Task
Retype only the lines from the top of the records to the line with "DR. EGUSQUIZA", including that line but none of the pictures.

*****

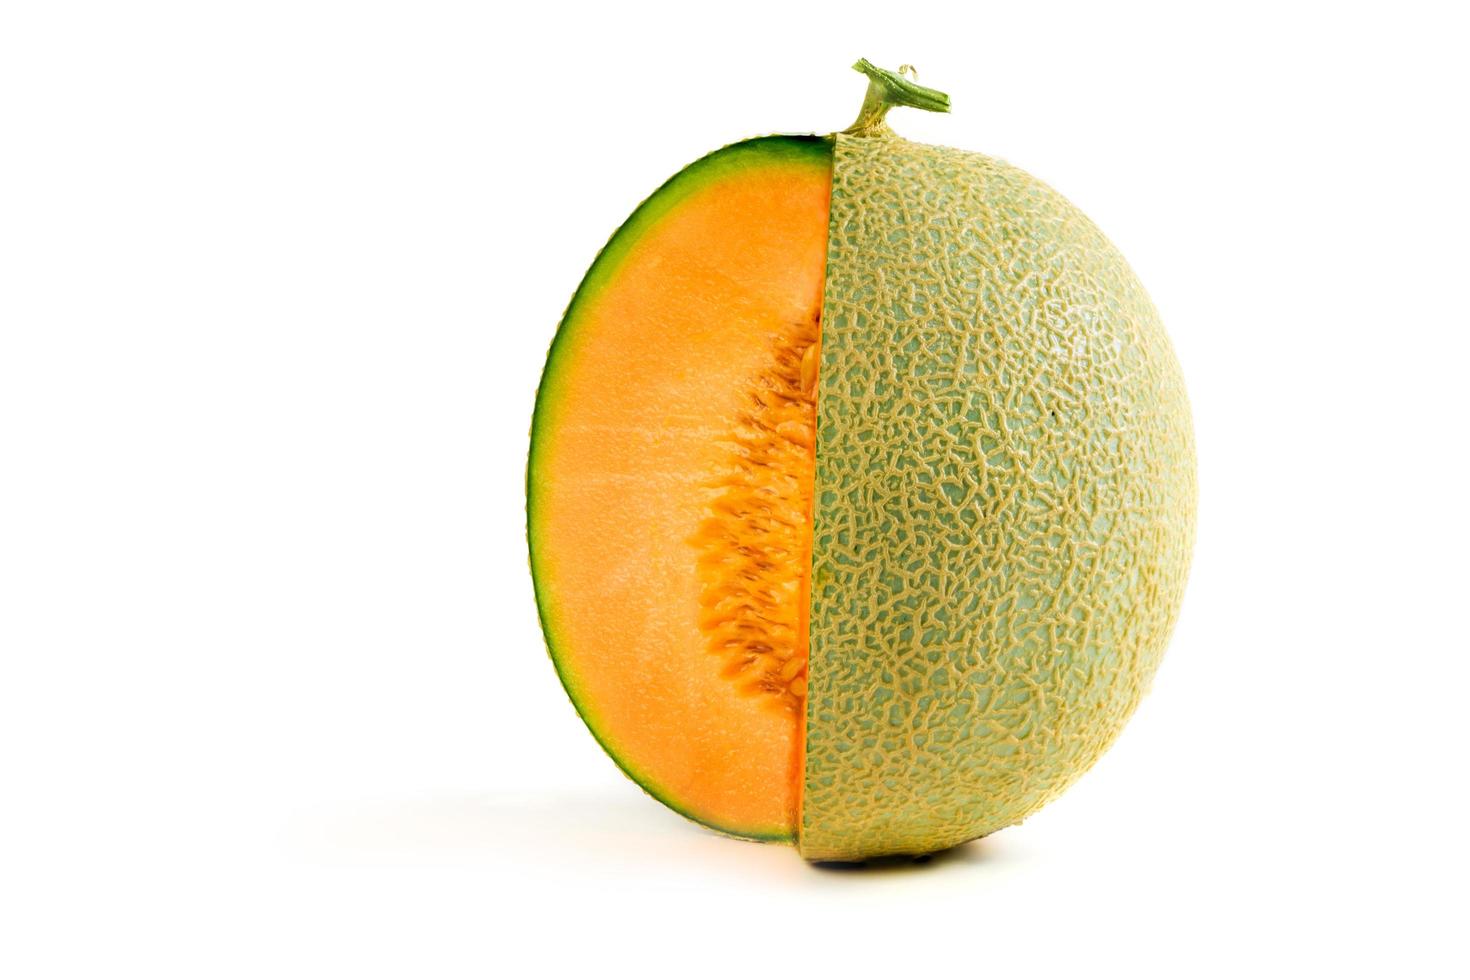 Hälfte von japanisch Melonen, Orange Melone oder Cantaloup-Melone Melone mit Saat foto
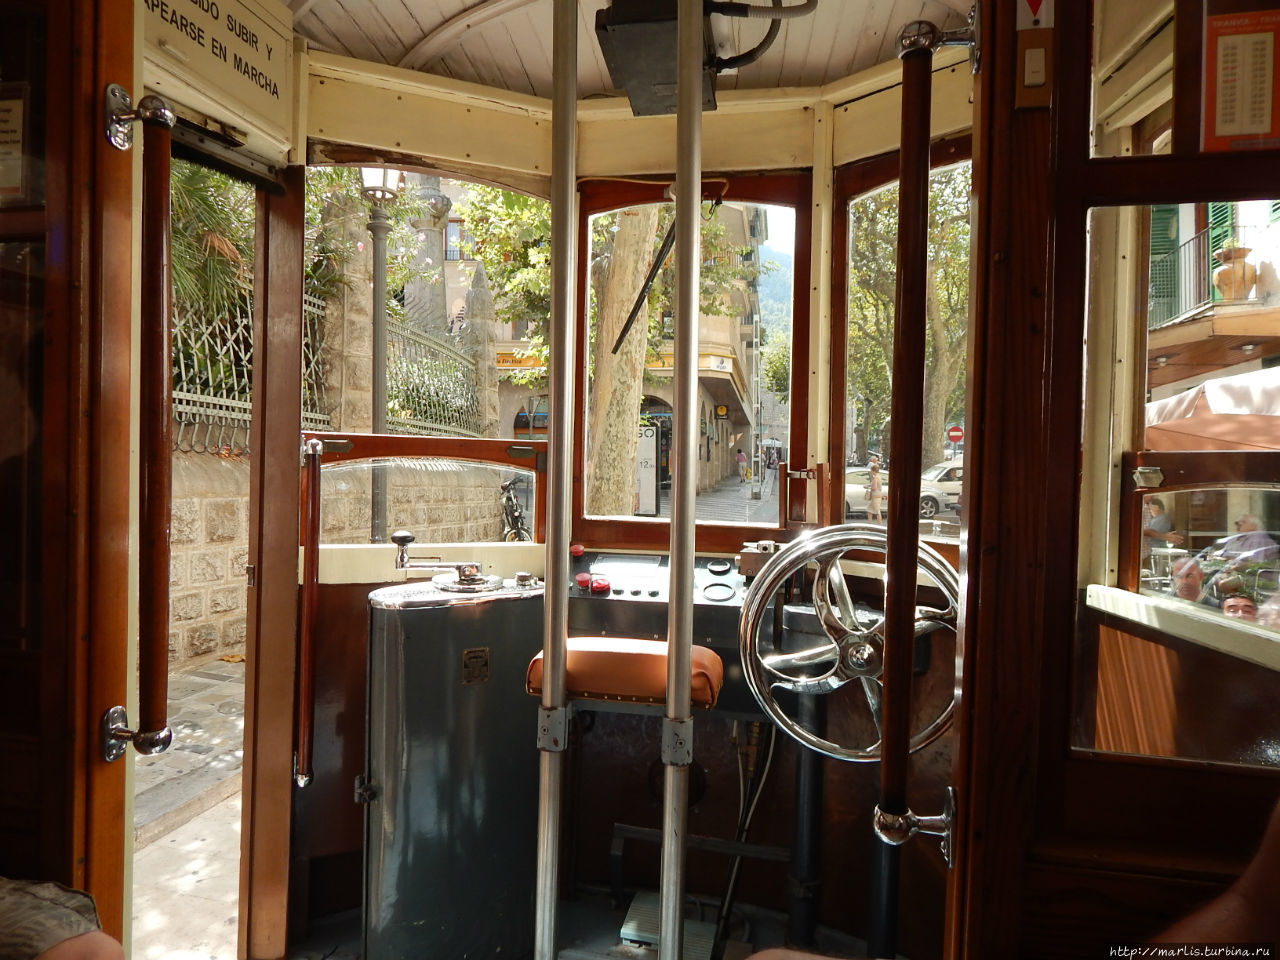 Соер. Cказка о старом трамвае Сольер, остров Майорка, Испания
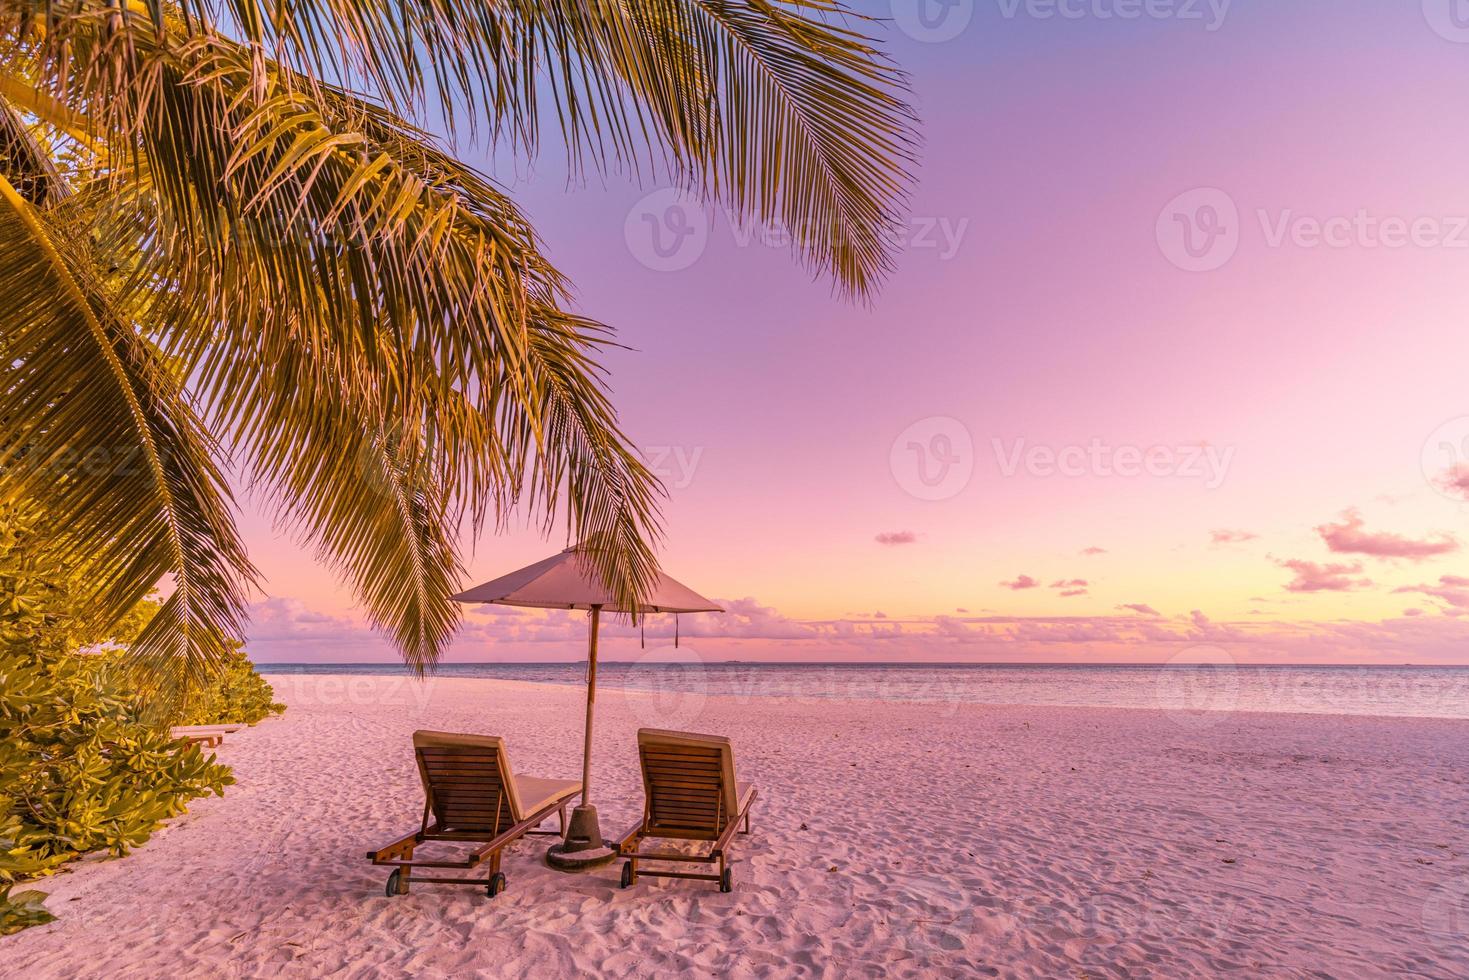 prachtig strand. stoelen op het zandstrand in de buurt van de zee. zomervakantie en vakantieconcept voor toerisme. inspirerend tropisch landschap. rustig landschap, ontspannend strand, tropisch landschapsontwerp foto
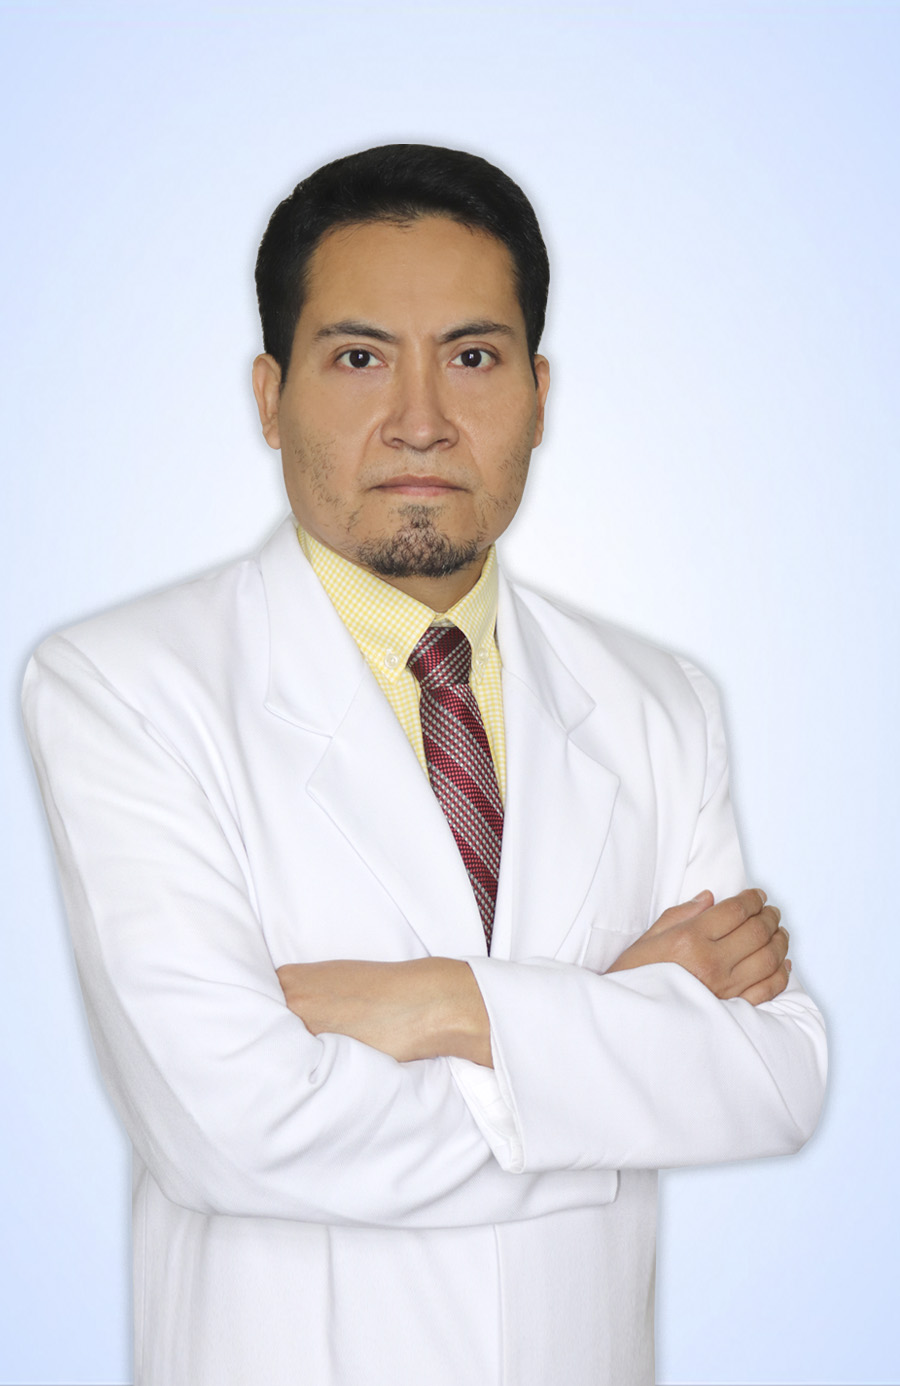 DR. EGUSQUIZA
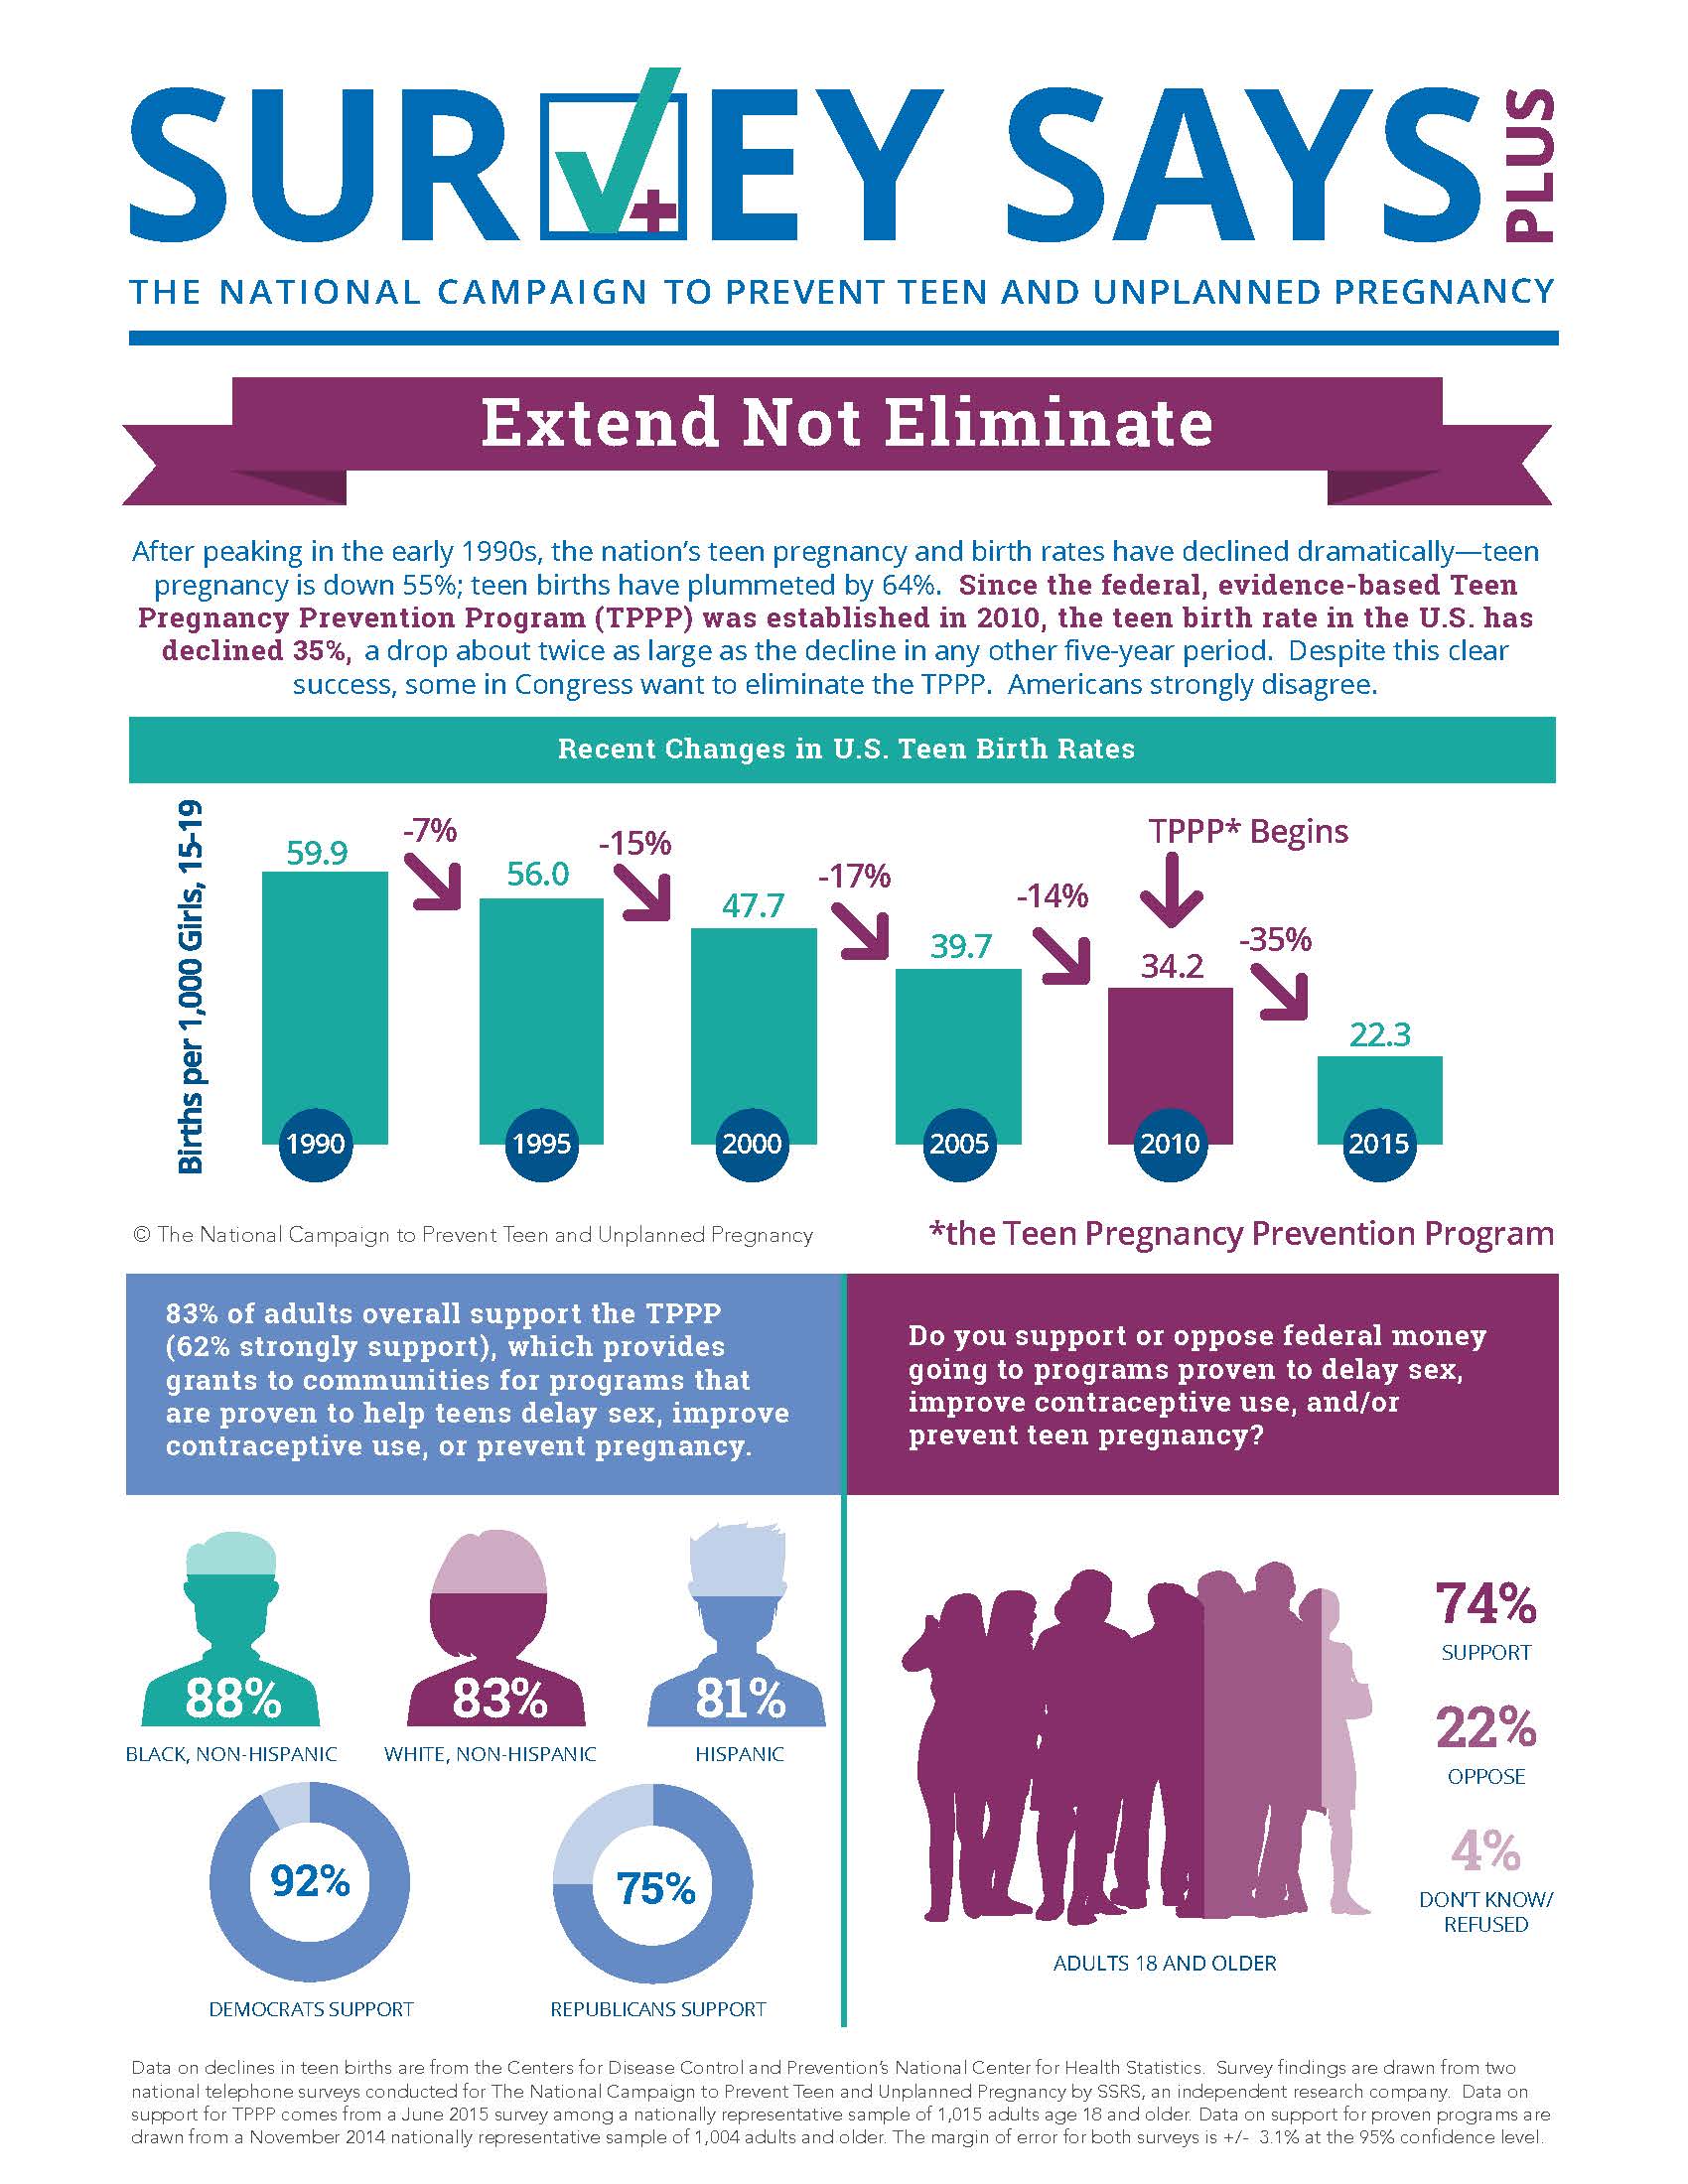 Survey Says Plus: Extend Not Eliminate (July 2015)

*****

Reply
 Hälfte von japanisch Melonen, Orange Melone oder Cantaloup-Melone Melone mit Saat foto
 Соер. Cказка о старом трамвае Сольер, остров Майорка, Испания
 prachtig strand. stoelen op het zandstrand in de buurt van de zee. zomervakantie en vakantieconcept voor toerisme. inspirerend tropisch landschap. rustig landschap, ontspannend strand, tropisch landschapsontwerp foto
 DR. EGUSQUIZA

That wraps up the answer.